For many entrepreneurs, bankruptcy is a hard blow of fate. It is the often shameful end of the dream of owning their own shop, their own café or their inherited construction company. Bankruptcy can destroy families and friendships.
It is therefore more than an abstract warning signal that the number of bankruptcies is rising rapidly, according to a recent study by Creditreform. Particularly for small companies, it is about real fates. The economic weakness is being written into the biographies of many energetic people in Germany through the wave of bankruptcies. Good economic policy would therefore also be good social policy – not only at the federal level, but also locally.

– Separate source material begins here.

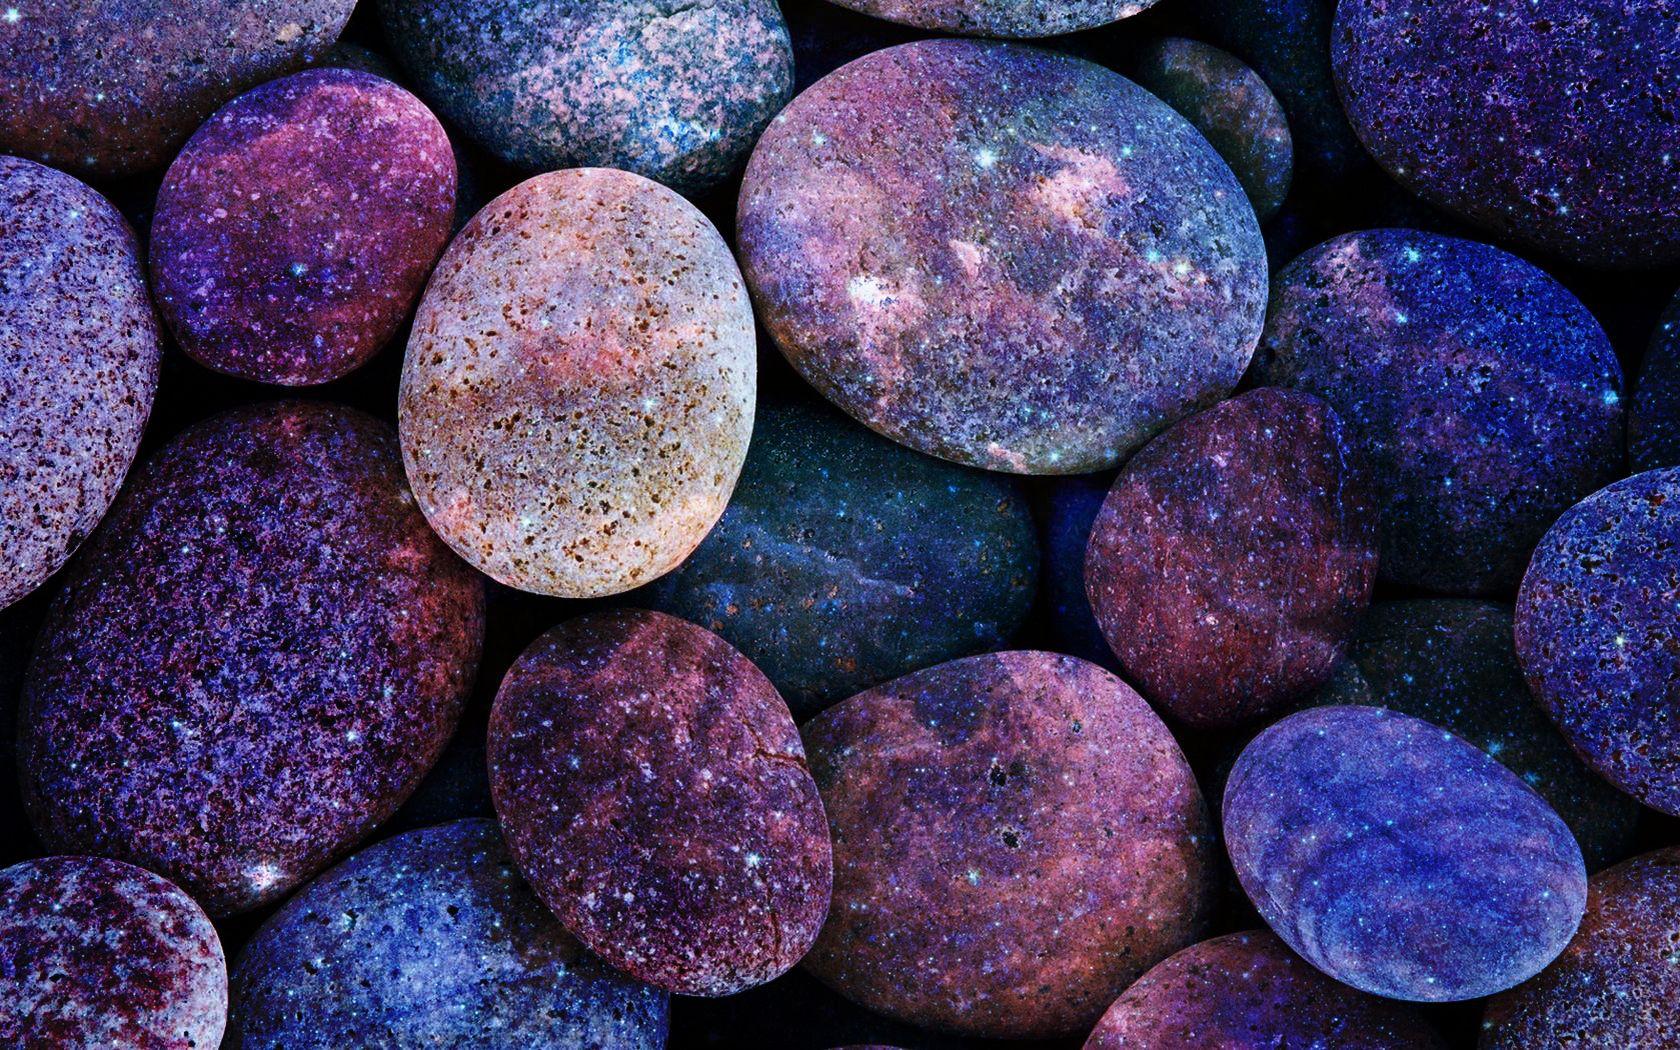 vista star stones by arthursmith 1680x1050

But in the German reality, it is often the small things that are lacking: municipalities that make outdoor dining unnecessarily difficult. Permanent construction sites in shopping streets. Eternally long procedures for building permits. Pedantic tax audits. On top of that, there is currently the double burden of rising minimum wages and inflation. It often seems as if the authorities and politicians are indifferent to small businesses.
This is fatal. Because by owning their own kiosk or flower shop, people are realizing their idea of a self-determined life. And they are creating jobs for others – especially in the migrant community.
Of course, a dynamic market economy cannot be without bankruptcies. Bankruptcies are part of entrepreneurship: no risk is taken without the risk of failure. Bankruptcy should therefore not be a reason for a personal stigma – provided it is not abusive – which is still too often attached to failed small business owners in their social environment.
The respect for life’s work that Chancellor Olaf Scholz (SPD) likes to invoke is not only deserved by employees and civil servants, but also by the self-employed. The courage to start and run a company justifies recognition and support – from authorities and politicians, but also from neighbors and friends. Especially in difficult times.